67. Yazoo – Only You (1982)

Yazoo were not a band built to last – they split before their second album had even been released – but they left a lasting impression: their blend of gutsy, soulful vocals and electronics was massively influential, not least on house music. Their debut single’s icy synth only accentuates the power of Alison Moyet’s emotive vocal: a genuine tearjerker.

66. CeCe Peniston – Finally (1992)

House music as pure pop-soul, Finally was a hymn to an idealised boyfriend sung by a former Miss Black Arizona. Originally released in 1991, it was a remix by New York DJ David Morales that toughened up the beats for the dancefloor, only to be kept off No 1 by Shakespears Sister’s Stay.

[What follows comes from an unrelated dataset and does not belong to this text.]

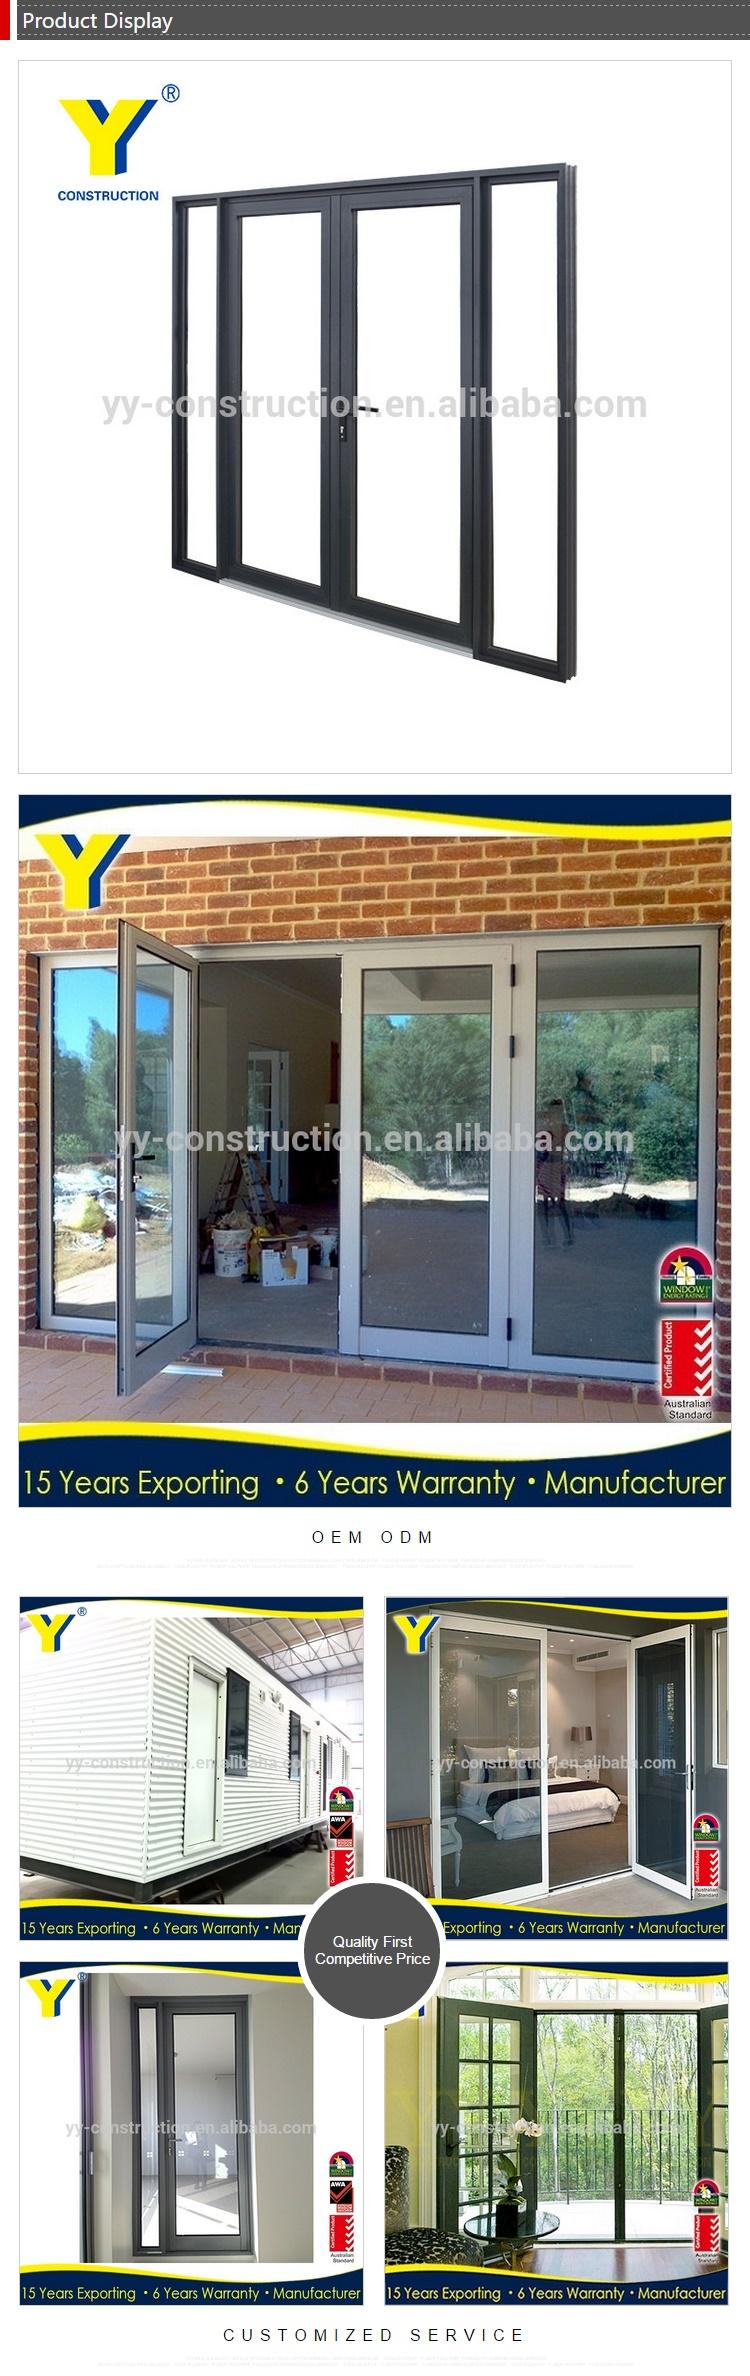 Porte Verriere Interieure Occasion portes et fenêtres en aluminium standard au | porte vitrée d'entrée de  bureau | portes extérieures d'occasion À vendre-portes françaises  extérieures

65. Rachel Stevens – Some Girls (2004)

It is tempting to give producer Richard X all the credit for Some Girls’ ferocious electronic update of 70s glam, but the choice of vocalist was perfect: getting the former S Club 7 star and lads’ mag favourite Rachel Stevens to sing a song about how seedy and demeaning life as a manufactured female pop star can be is genuinely inspired.

64. Donovan - Sunshine Superman (1966)

Recorded in December 1965, Sunshine Superman could have been the first psychedelic pop single – it was taped five weeks before the Byrds recorded Eight Miles High – but it wasn’t released for another seven months, by which time everyone else had caught up. It’s still a fabulous song: heavy-lidded, but dripping with the hip arrogance of the acid initiate.

63. Oasis – Wonderwall (1995)

Wonderwall has suffered a little from 27 years of omnipresence – you’re never that far away from hearing a busker belting it out – but it’s worth remembering that it became omnipresent for a reason, largely due to the power with which Liam Gallagher belts it out, somehow managing to invest its nonsensical lyrics with emotional heft.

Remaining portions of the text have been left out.